In the context of the Joint Inria/UIUC/ANL Laboratory for Petascale computing (JLCP), have proposed the Damaris approach to enable efficient I/O, data analysis and visualization at ver large scale from SMP machines. The I/O bottlenecks already present on current petascale systems as well as the amount of data written by HPC applications force to consider new approaches to get insights from running simulations. Trying to bypass the storage or drastically reducing the amount of data generated will be of outmost importance for exascale. In-situ visualization has therefor been proposed to run analysis and visualization tasks closer to the simulation, as it runs.

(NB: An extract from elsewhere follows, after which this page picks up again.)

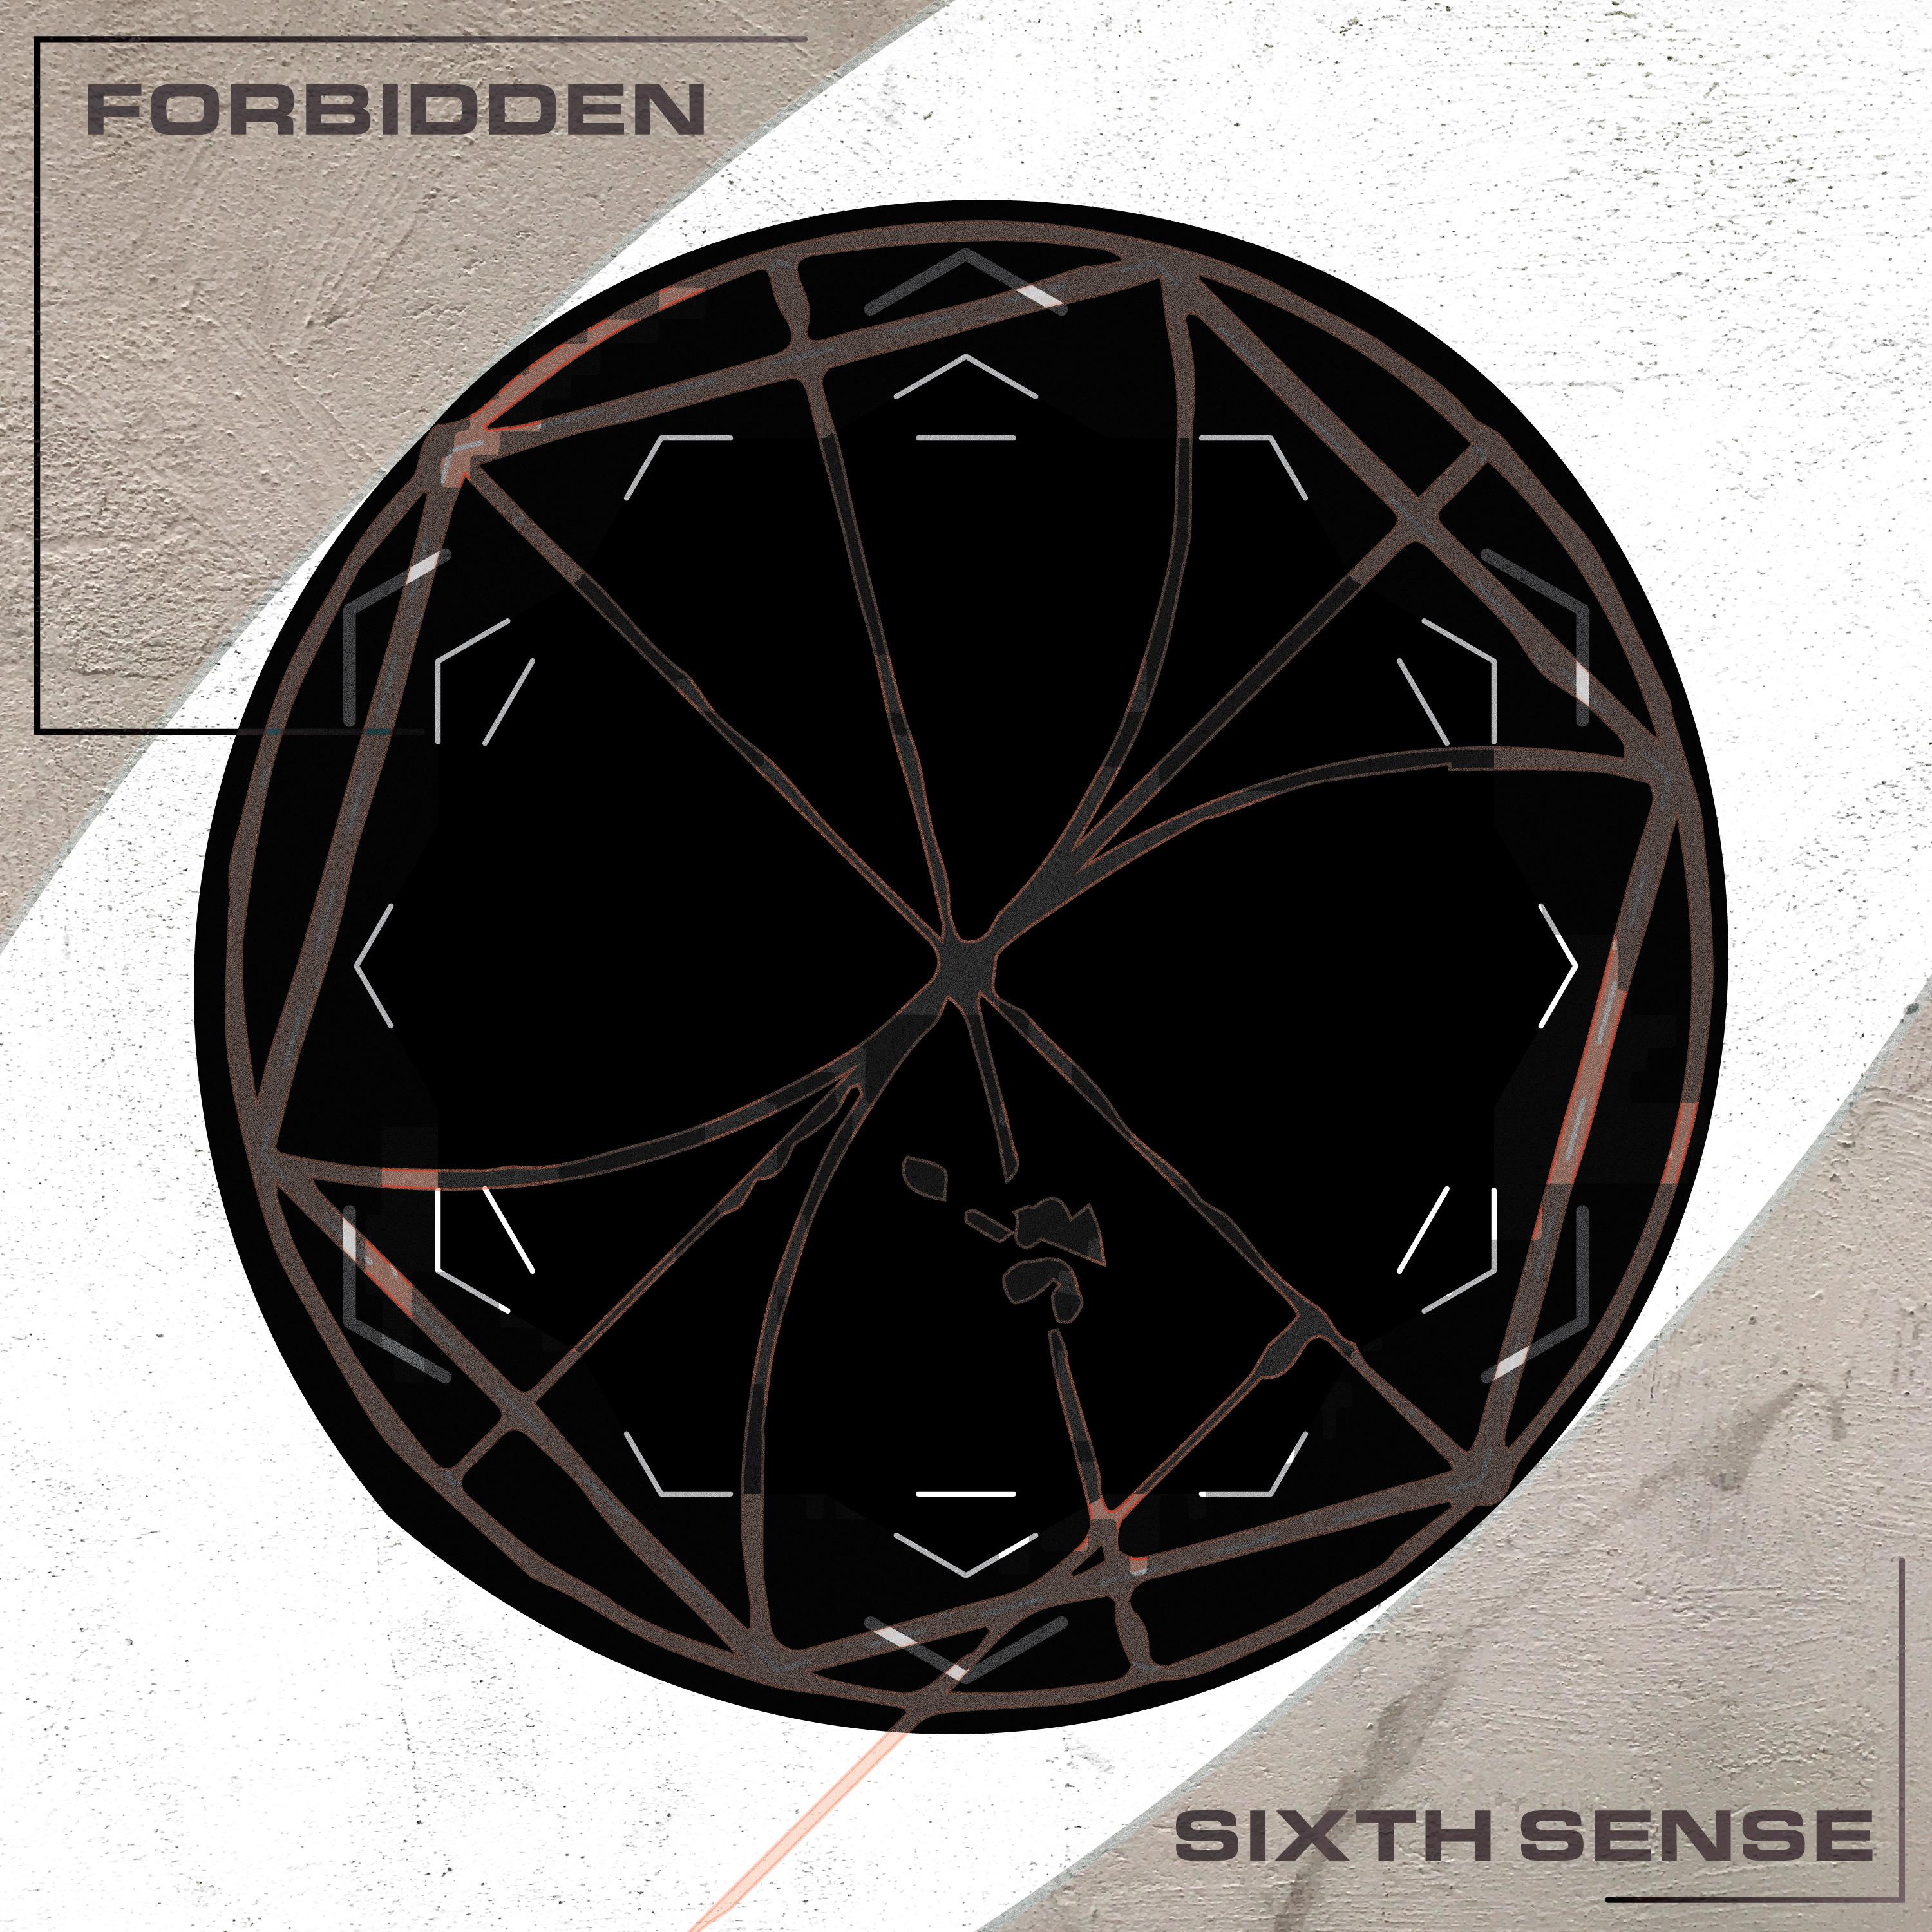 Sixth Sense - Forbidden

The first results obtained with Damaris in achieving scalable, jitter-free I/O, were published this year [18] . In order to achieve efficient in-situ visualization at extreme scale, we investigated the limitations of existing in-situ visualization software and proposed to fill the gaps of these software by providing in-situ visualization support to Damaris. The use of Damaris on top of existing visualization packages allows us to:
Reduce code instrumentation to a minimum in existing simulations,
Gather the capabilities of several visualization tools to offer adaptability under a unified data management interface,
Use dedicated cores to hide the run time impact of in-situ visualization and
Efficiently use memory through a shared-memory-based communication model.
Experiments are now being conducted on BlueWaters (Cray XK6 at NCSA), Intrepid (BlueGene/P at ANL) and Grid5000 with representative visualization scenarios for the CM1 [31] atmospheric simulation and the Nek5000 [34] CFD solver.

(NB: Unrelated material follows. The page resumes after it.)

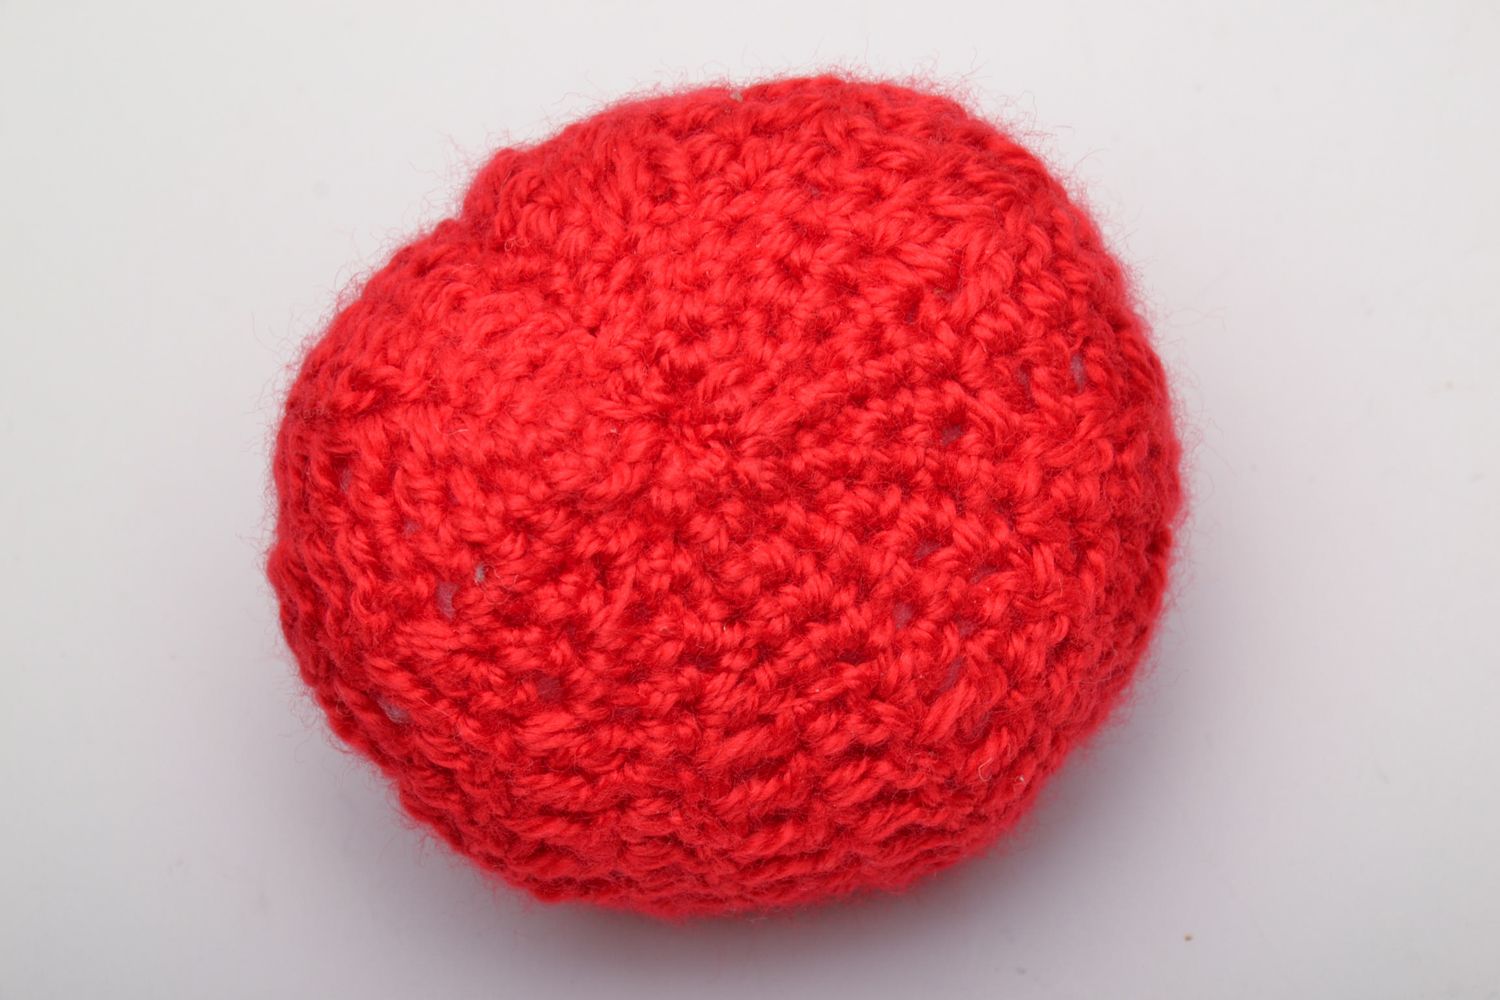 Soft crochet toy tomato photo 3

Results will be submitted to a conference in early 2013. We plan to further investigate the role that Damaris can take in performing efficient and self-adaptive data analysis in HPC simulations.
Advanced I/O and Storage
Participants : Matthieu Dorier, Alexandru Costan, Gabriel Antoniu.
The recent extension of the JLPC to Argonne National Lab (ANL) has opened new research directions in the field of advanced I/O and storage for HPC, in collaboration with Robert Ross's team at ANL's Mathematics and Computer Science Division (MCS). A founding from the FACCTS program (France And Chicago CollaboraTing in Science) allowed multiple visits (see Section 8.4 ) of students and researchers from both sides to initiate this new collaboration and explore potential research directions.
One outcome of these visits has been the adaptation of Damaris to work on BlueGene/P and BlueGene/Q machines installed at ANL. Several exchanges led to the design of new I/O scheduling algorithms leveraging Damaris for efficient asynchronous I/O and storage. These algorithms are currently being evaluated, and expected to be published in early 2013.
During these exchanges we also investigated new storage architectures for Exascale systems leveraging BLOB-based large-scale storage able to cope with complex data models. We will explore how we can combine the benefits of the approaches to Big Data storage currently developed by the partners: the BlobSeer approach (KerData), which provides support for multi- versioning and efficient fine-grain access to huge data under heavy concurrency and the Triton approach (ANL), which introduces new object storage semantics. The final goal of the resulting architecture will be to propose efficient solutions to data-related bottlenecks in Exascale HPC systems.